0x0000000000110c94 <+244>: bl 0x110b60 <write_buf>
// load csp + 64 into c1 (16 to the left of c0)
=> 0x0000000000110c98 <+248>: ldr c1, [csp, #64]
// load csp + 48 into c0 (16 to the left of c1... if it weren't for those pesky kids)
0x0000000000110c9c <+252>: ldr c0, [csp, #48]
What's in csp at that point where it crashes?
Take csp + 64 and put it in c1.
Previously we subtracted 208 from csp.
Now we are at position -144 from that starting point, after we add 64 to it.
The answers say:
"The compiler has arranged for main to allocate 144 bytes on the stack by decrementing the capability stack pointer register (csp) by 144 bytes."
So we're in the same place, at the indicated line, as they are in the answer set.
"Further, the compiler has placed lower 48 bytes up into that allocation:"
// Looks like our compiler has placed c0 80 bytes up into that allocation:
0x0000000000110c88 <+232>: ldr c0, [csp, #80]
// then it jumps to the routine (passing it 16, 16)
// and then it tries to place c1 64 bytes into the allocation, 16 bytes below c0
=> 0x0000000000110c98 <+248>: ldr c1, [csp, #64]
"ca0 is made to point at its lowest address and then the pointer to lower is materialized in cs0 by bounding the capability in ca0 to be 16 (sizeof(lower)) bytes long."
On our side, previously we had this line:
0x0000000000110c70 <+208>: scbnds c0, c0, #0x10
so the capability in c0 is bound to be 16 also.
And at a certain earlier point c1 was also bound to be 16 in a similar way. (Unless it's indirectly changed since)
So on their side, they've got c0 and c1 running into each other, and we have as well.
(We ended up with c0 and c2 having the same bounds addresses but that doesn't seem to be a cause here)
---
On baseline (my local machine) it won't compile.
So use bencher 14 as baseline.
It's clear what happened above, it had a capability in w1 which it passed to the function and CHERI was having none of it.

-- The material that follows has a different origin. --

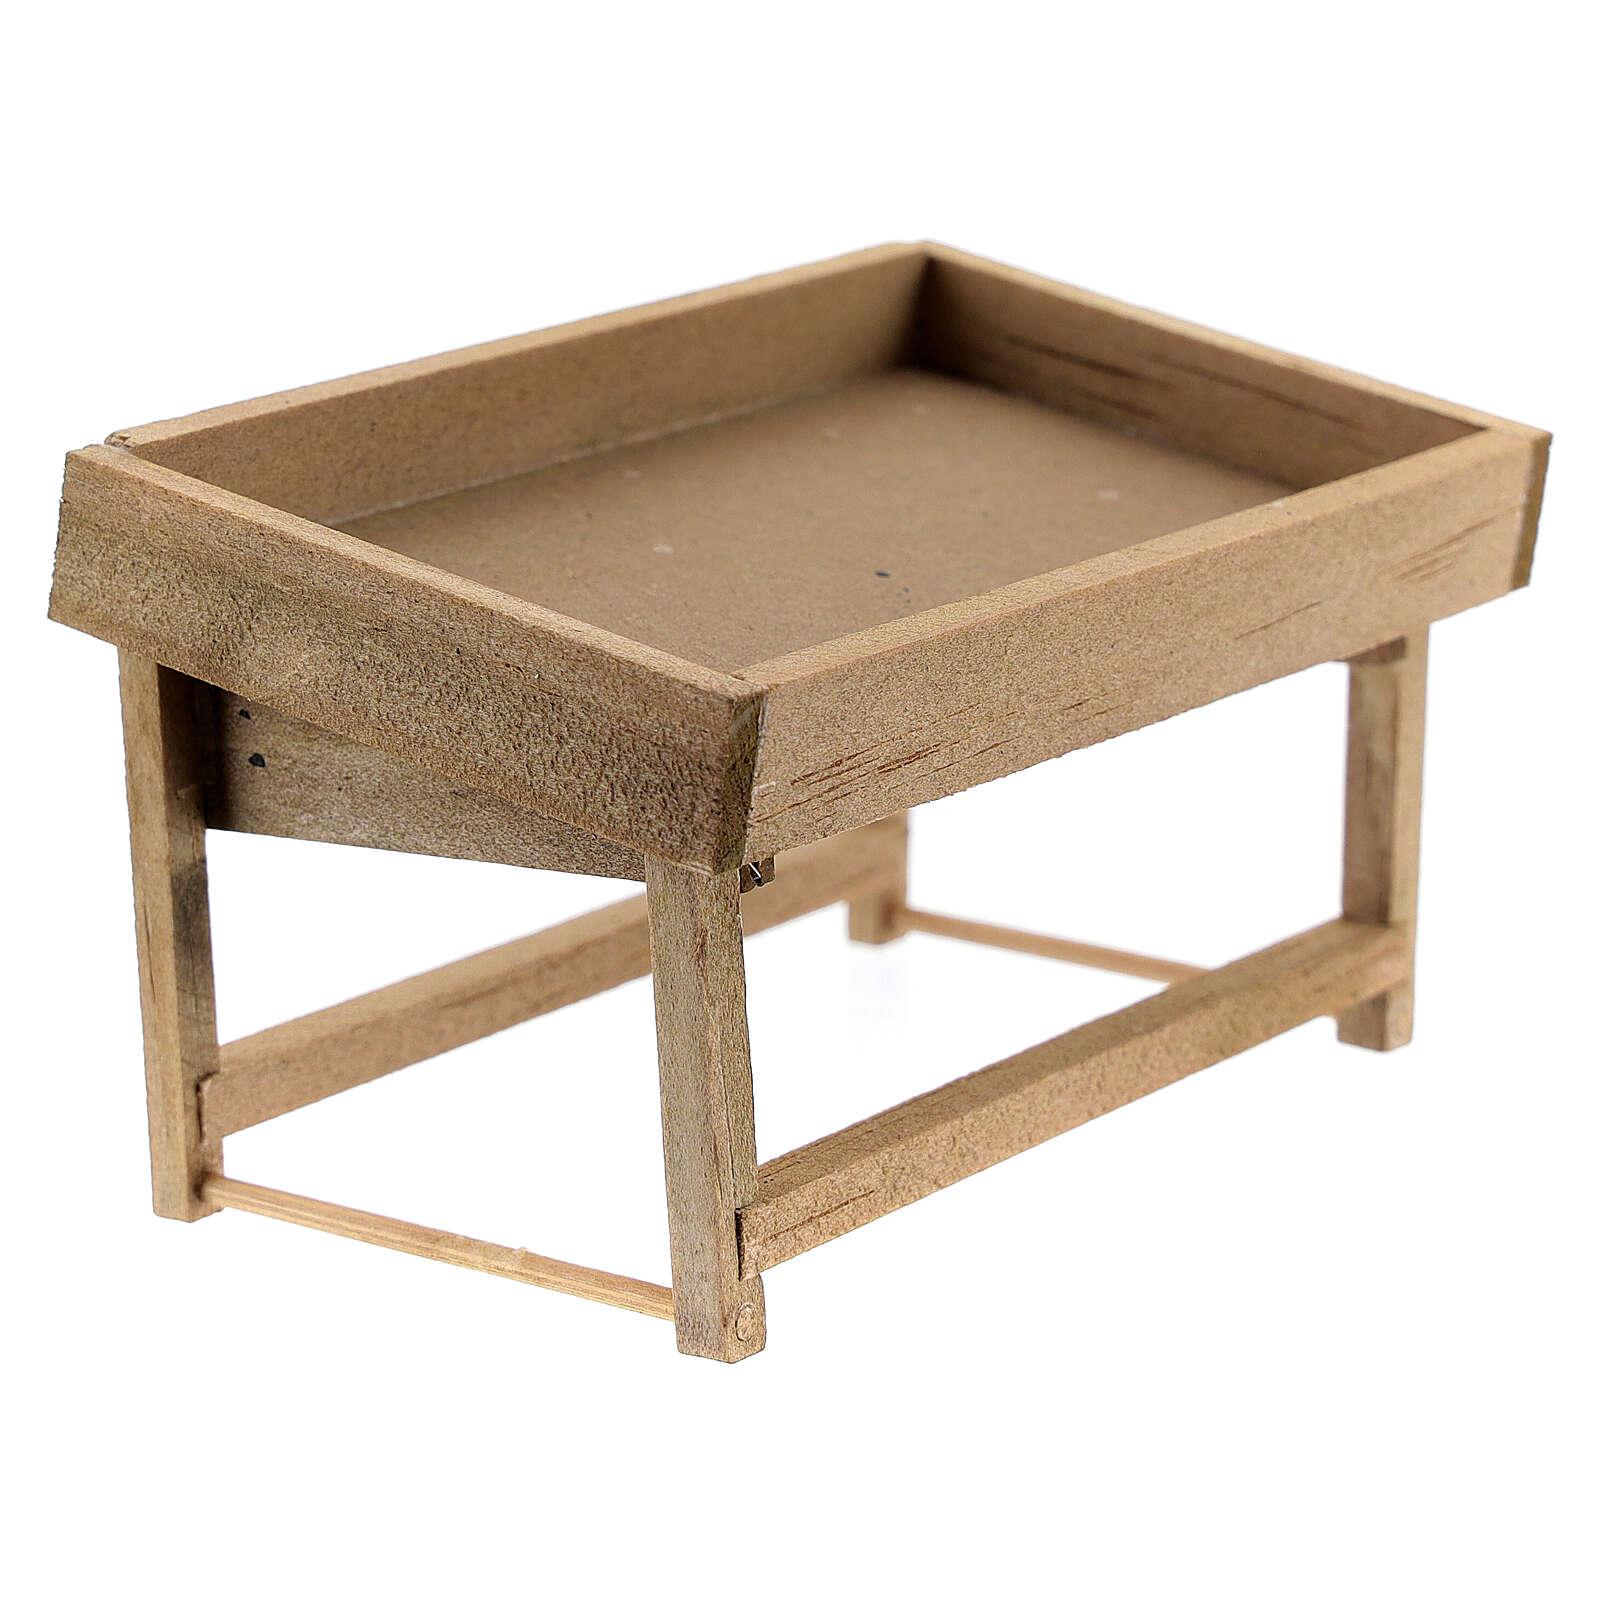 Banchetto mercato legno presepe 8-10 cm 4

The full objdump (gdb didn't have any debug info, and I'm not going to re-try) is in objdump_from_buffer-overflow-stack-baseline.txt and the relevant lines are here:
// load effective address -32 of the local variable (buf?) to the return value
11e2: 48 8d 45 e0 lea -0x20(%rbp),%rax
// write 16 to low 32-bits of the 2nd argument
11e6: be 10 00 00 00 mov $0x10,%esi
// write the return value to the first argument
11eb: 48 89 c7 mov %rax,%rdi
// here's where the crime occurs
11ee: e8 52 ff ff ff callq 1145 <write_buf>
// move the 1-byte local variable value to the 4-byte low 32-bits of the return value
11f3: 0f b6 45 f0 movzbl -0x10(%rbp),%eax
// copy 1-byte low byte of return value,
// and sign-extend into 4-byte low 32-bits of the return value
11f7: 0f be c0 movsbl %al,%eax
I have a bit of a hard time following this but it's clear that it just swanned ahead with it whereas CHERI put a stop to it on the equivalent of this line:
// move the 1-byte local variable value to the 4-byte low 32-bits of the return value
11f3: 0f b6 45 f0 movzbl -0x10(%rbp),%eax
The point here being, according to the course materials, that in the vanilla version we have the ADDRESS of buf on the stack, and in the CHERI version we have a CAPABILITY
and it's in
0x0000000000110c70 <+208>: scbnds c0, c0, #0x10
that the CHERI version enforces the size of c0.
The course materials also emphasize that in both versions, write_buf stores without bounds checking. In the CHERI version output by gdb, I haven't got the write_buf section because it only output main and I'm not going to re-dump it. But in the baseline one, I have:
1159: 48 01 d0 add %rdx,%rax
115c: c6 00 62 movb $0x62,(%rax)
So yeah anyway I get it, more or less.